***** STUDY MATERIAL *****

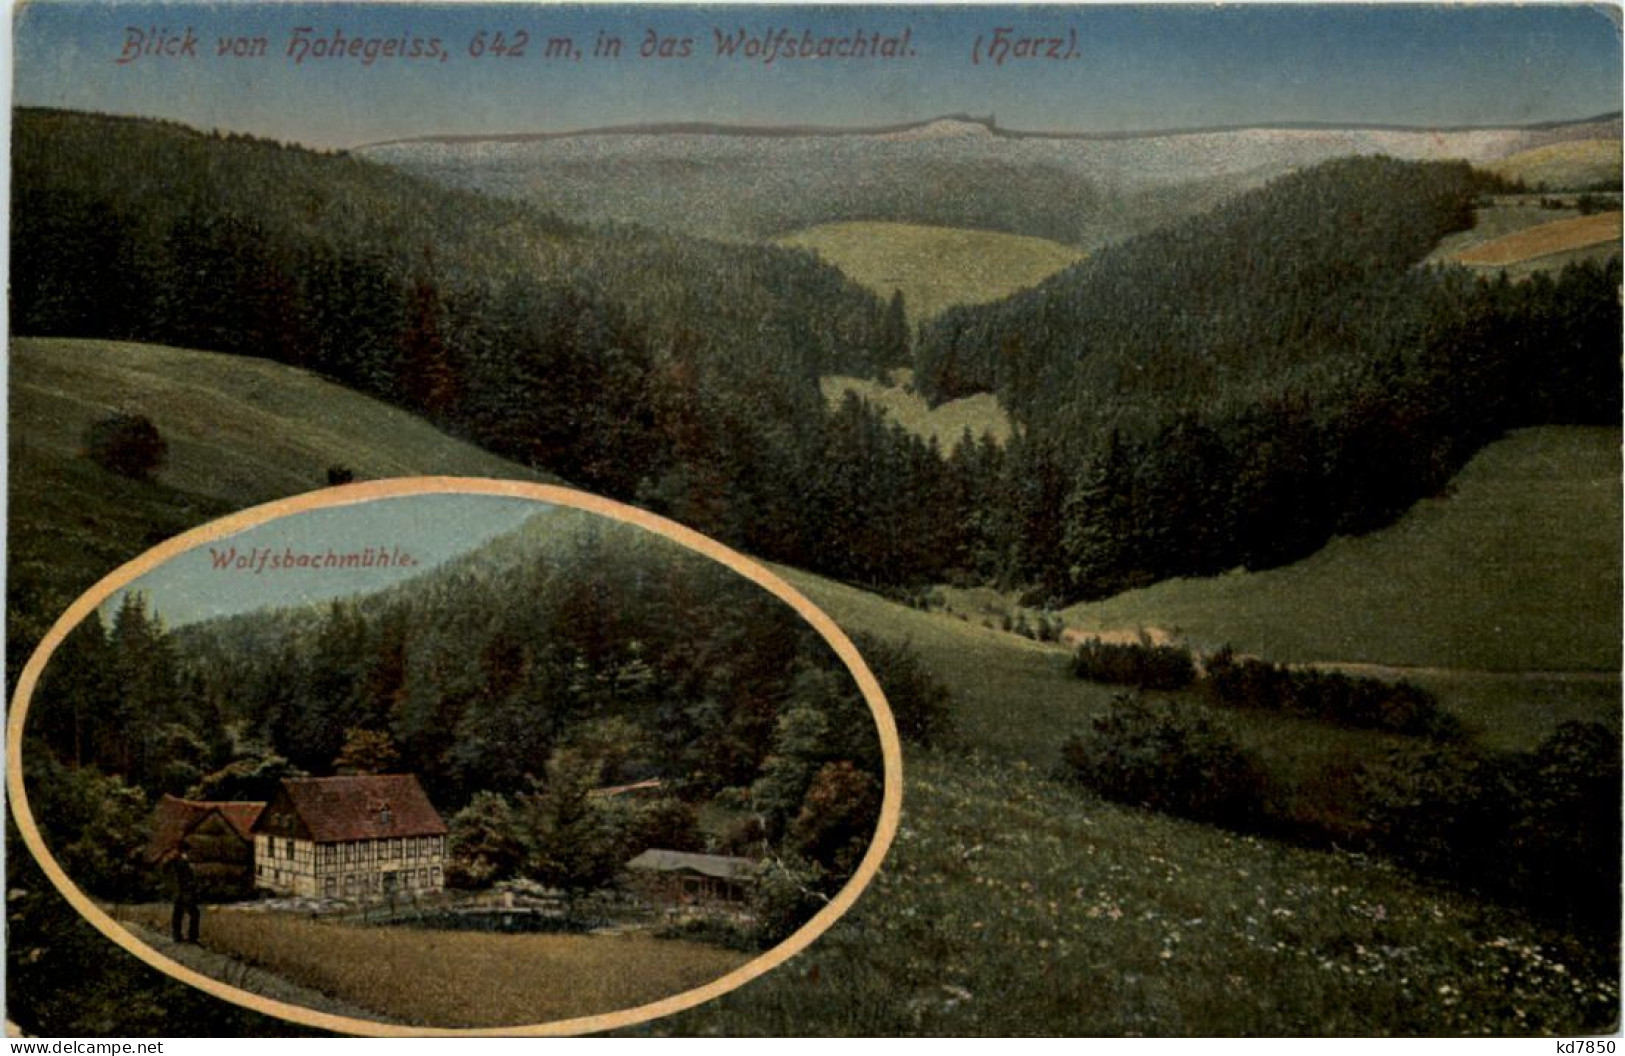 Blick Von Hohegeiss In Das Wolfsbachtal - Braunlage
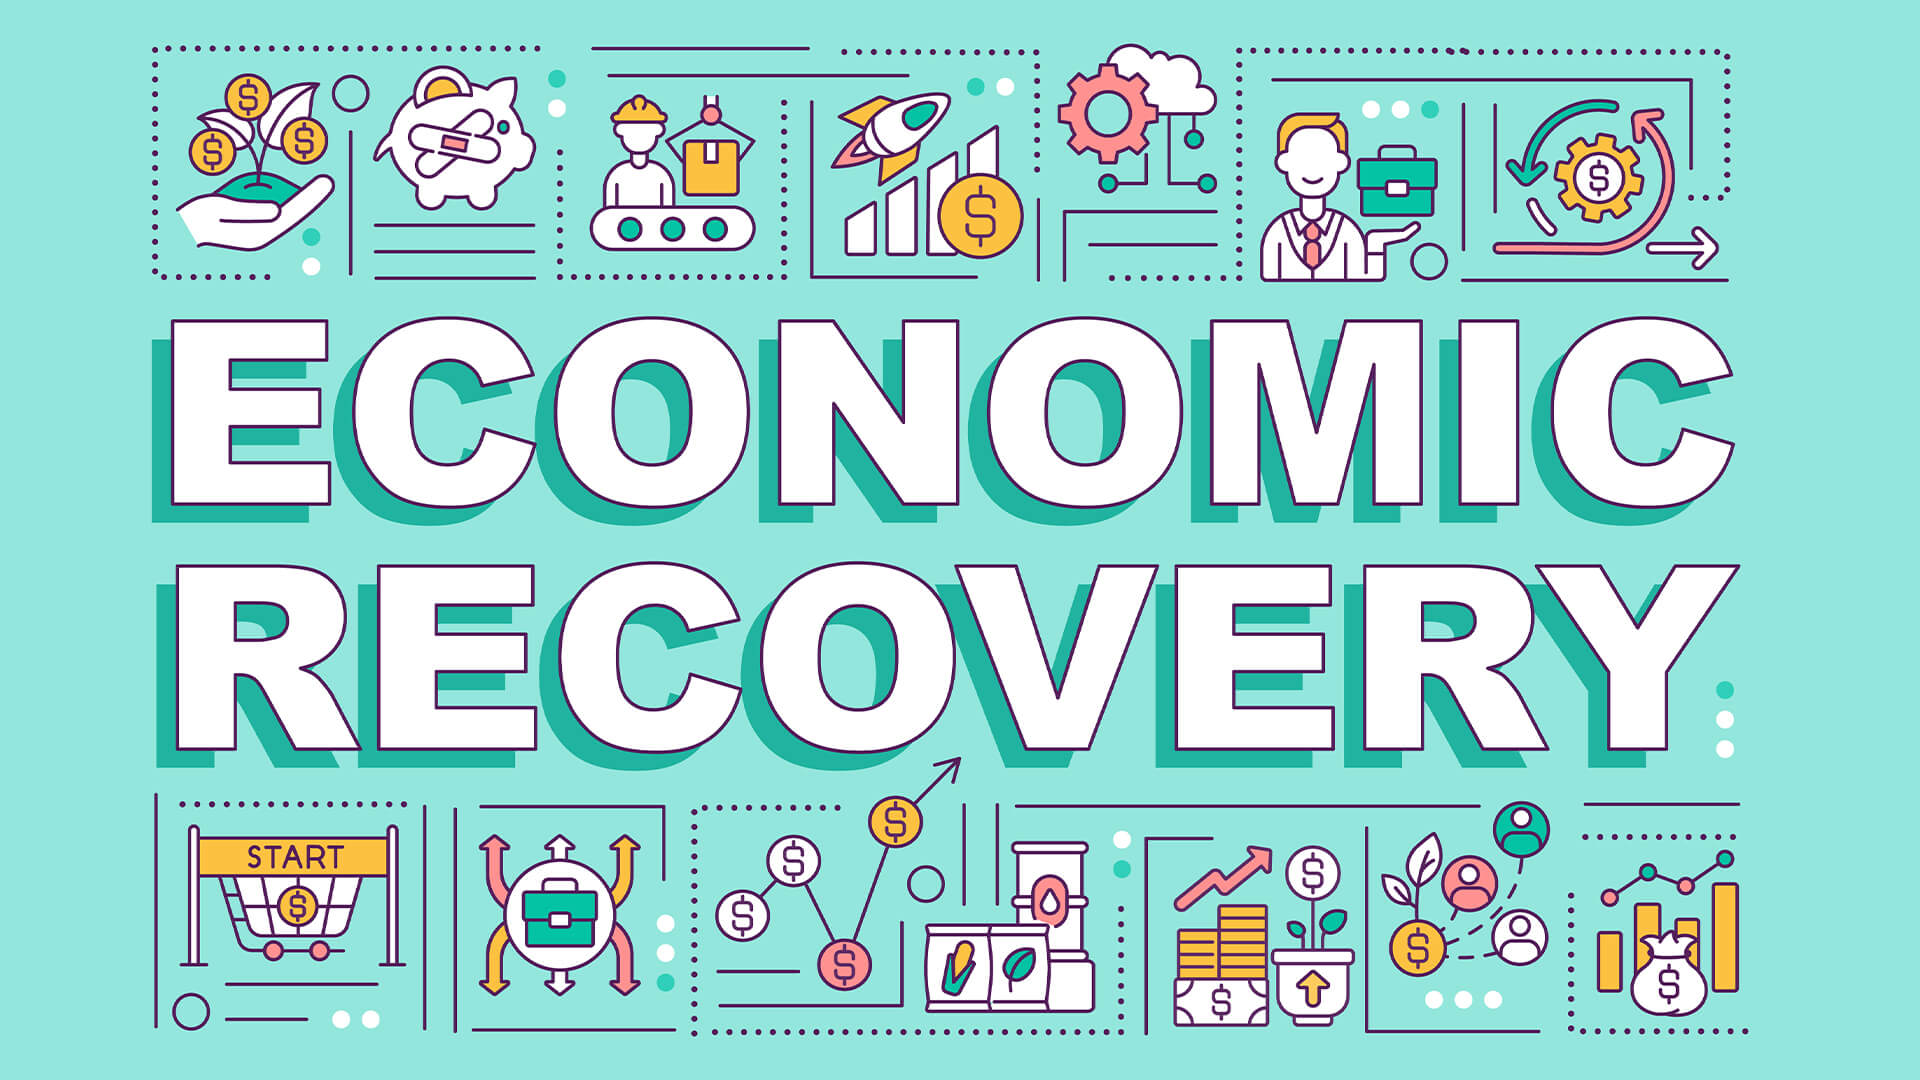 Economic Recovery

*****
***** STUDY MATERIAL *****

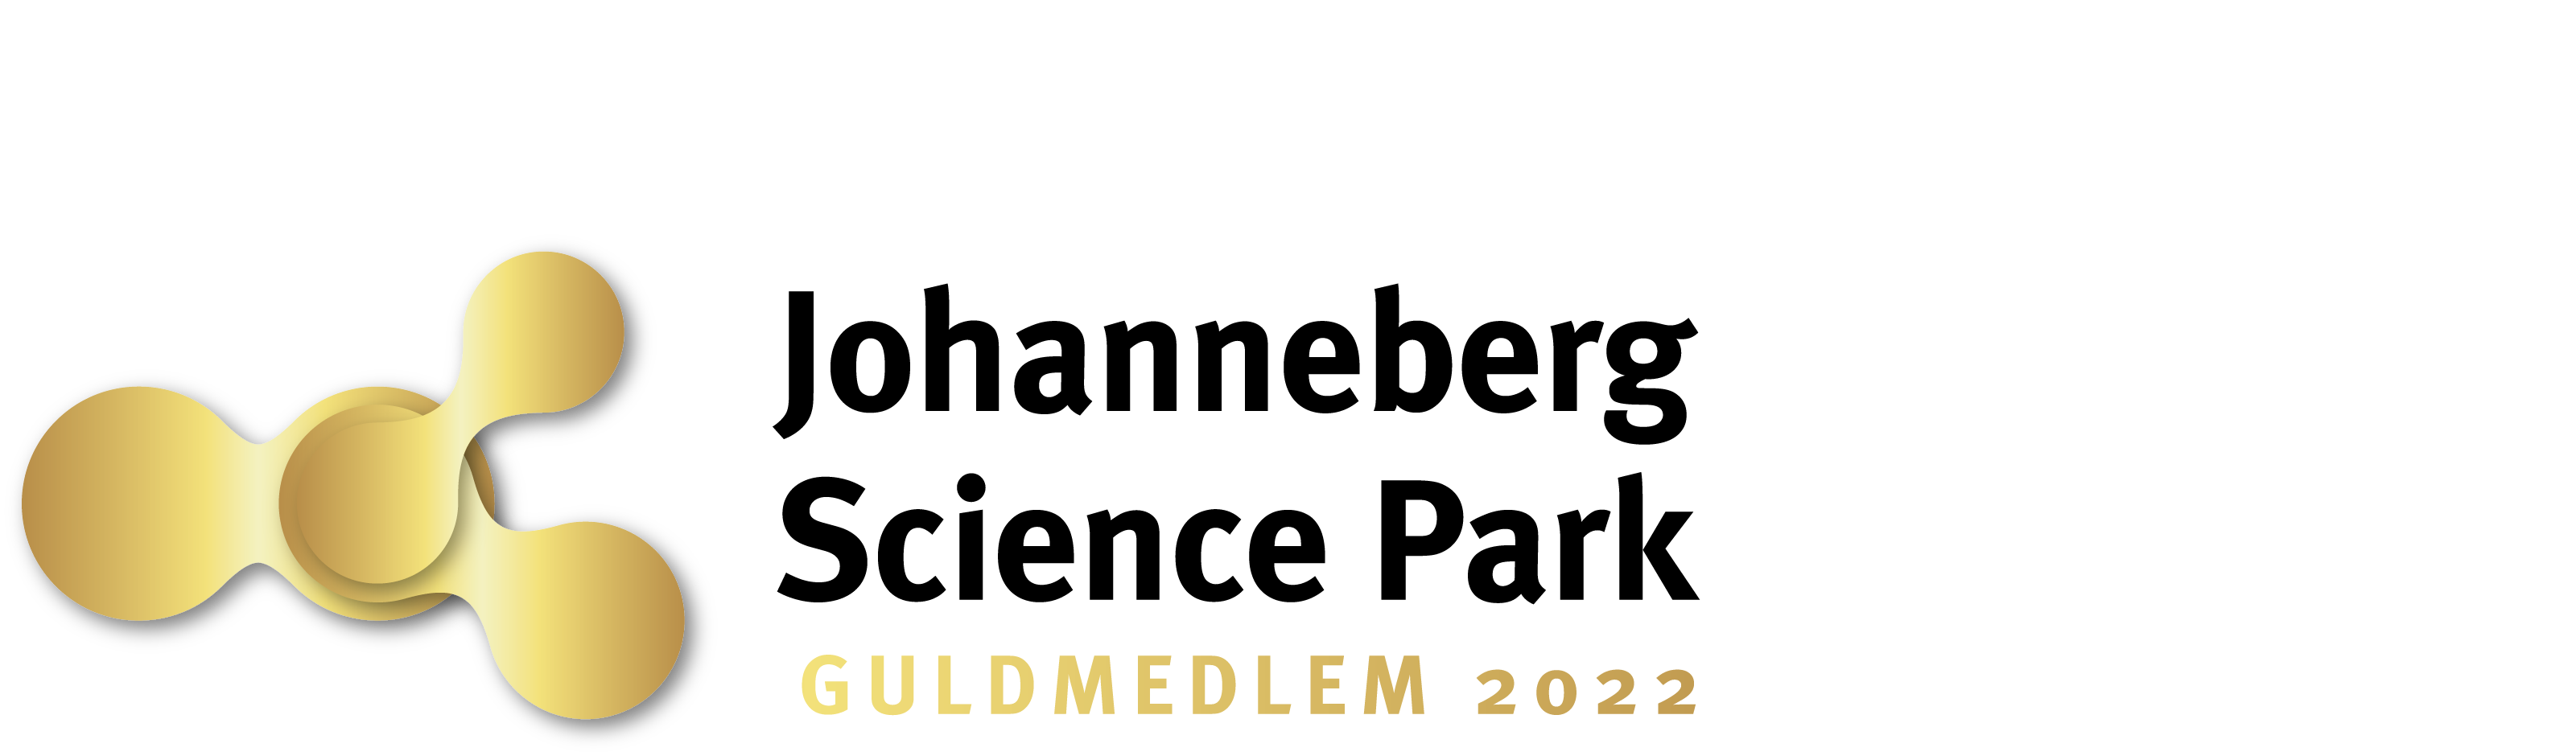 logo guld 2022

*****

◆ ASSIGNMENT ◆
Now transcribe the lines above exactly, starting at the line containing "Blick Von Hohegeiss" and ending at the line containing "Economic Recovery", both lines included, pictures excluded.

◆ YOUR RESPONSE ◆
 Blick Von Hohegeiss In Das Wolfsbachtal - Braunlage
 Economic Recovery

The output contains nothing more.